WORK ITEM: Give back the lines below exactly, but do not include any pictures.

DATASET EXTRACT:
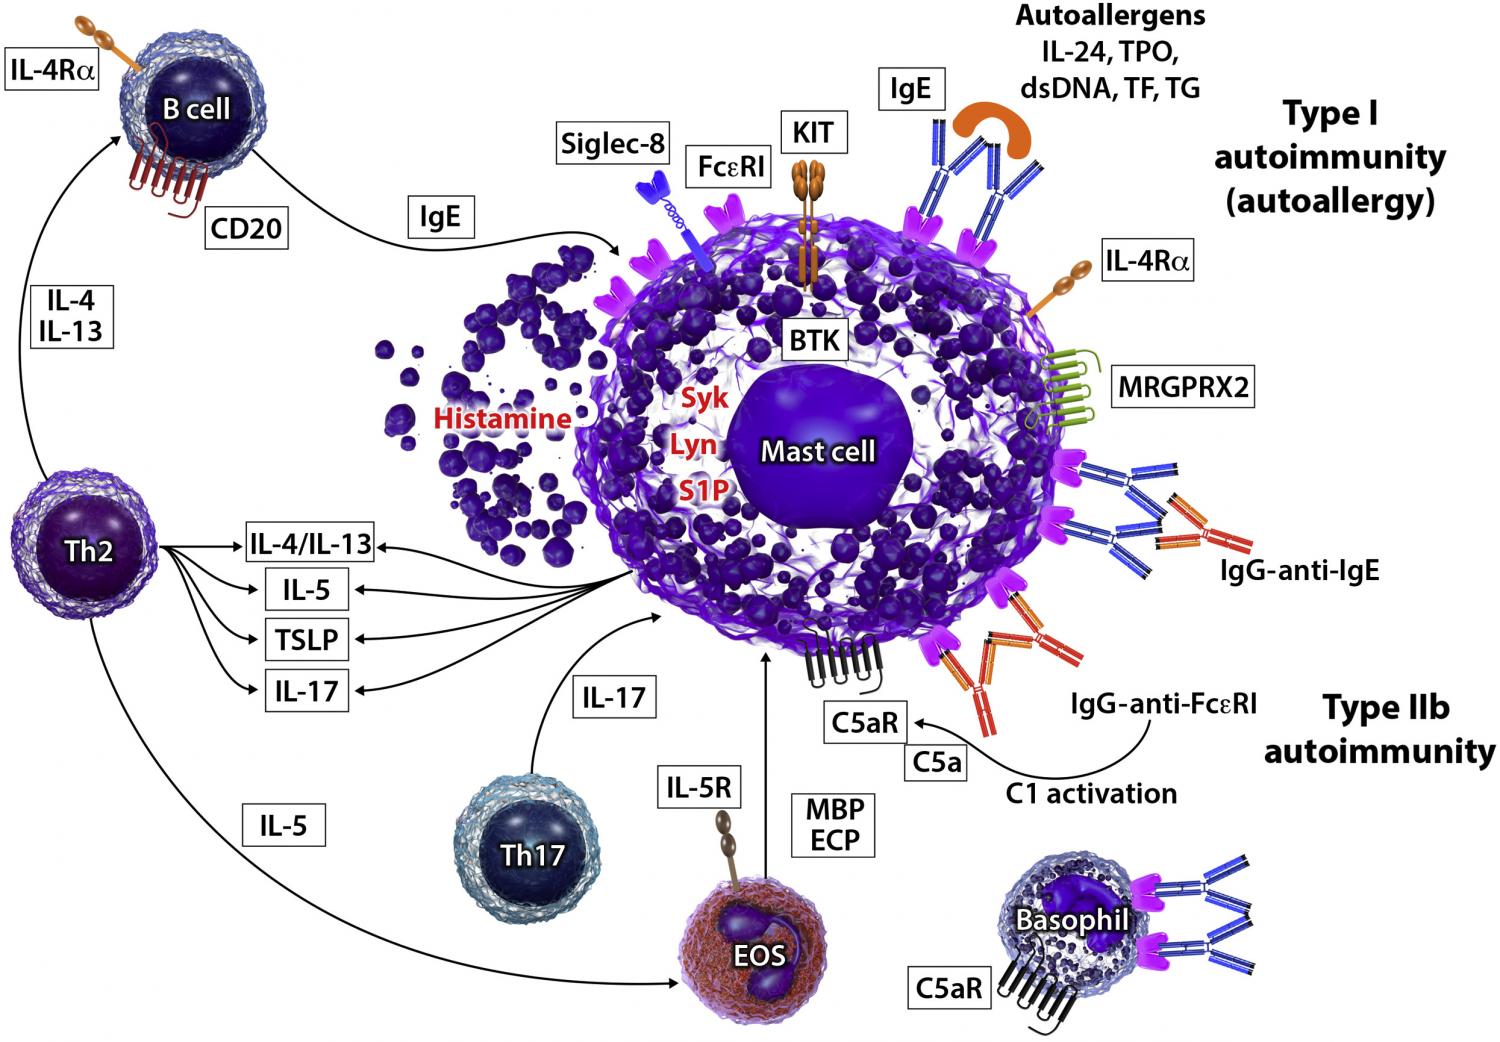 Mast cells are activated by IgE autoantibodies to autoallergens (type I autoallergy) or IgG-anti-IgE/IgG-anti-FcεRI autoantibodies (type IIb autoimmunity).
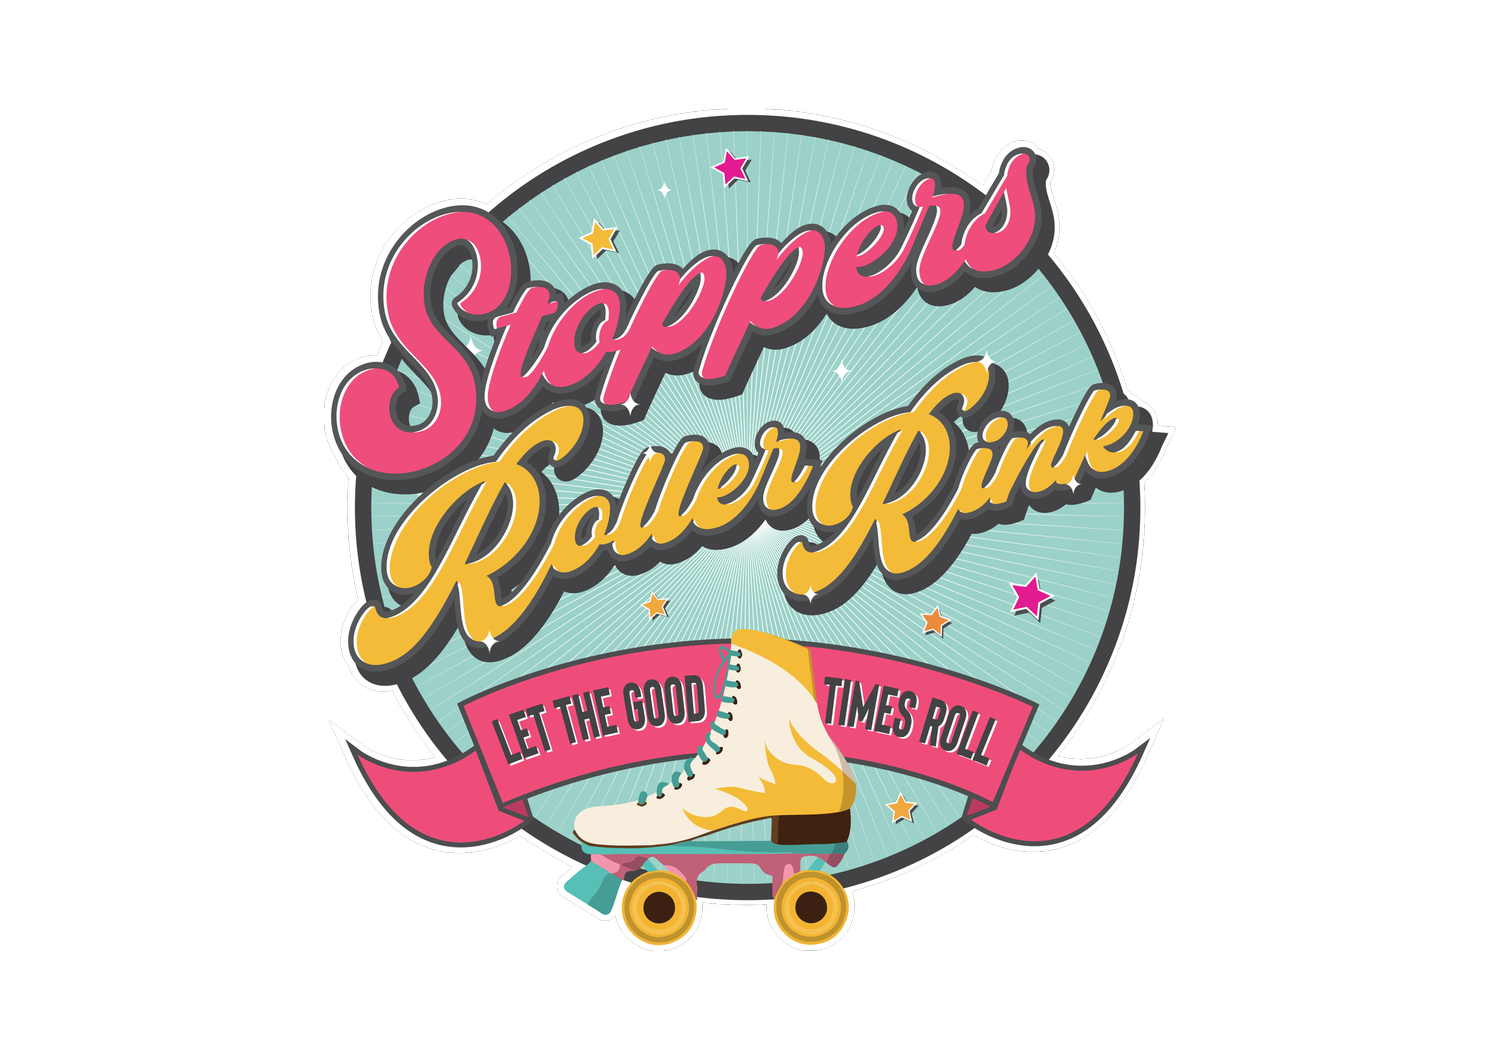 Stoppers Roller Rink
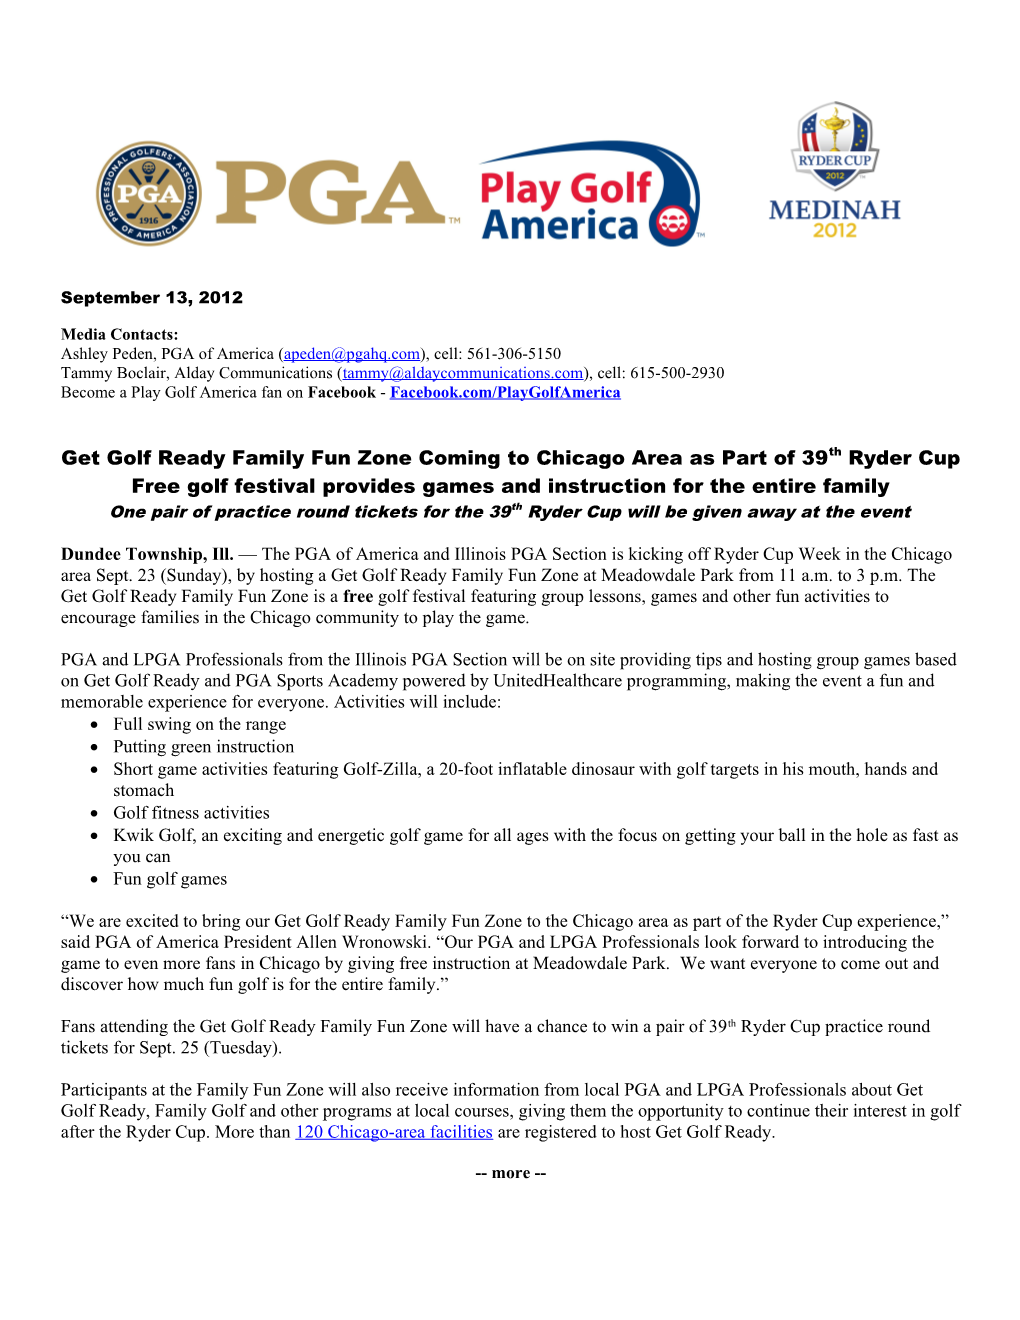 Get Golf Ready Family Fun Zone Coming to Chicago, 1 of 1

REPLY TO THE TASK:
 Mast cells are activated by IgE autoantibodies to autoallergens (type I autoallergy) or IgG-anti-IgE/IgG-anti-FcεRI autoantibodies (type IIb autoimmunity).
 Stoppers Roller Rink
 Get Golf Ready Family Fun Zone Coming to Chicago, 1 of 1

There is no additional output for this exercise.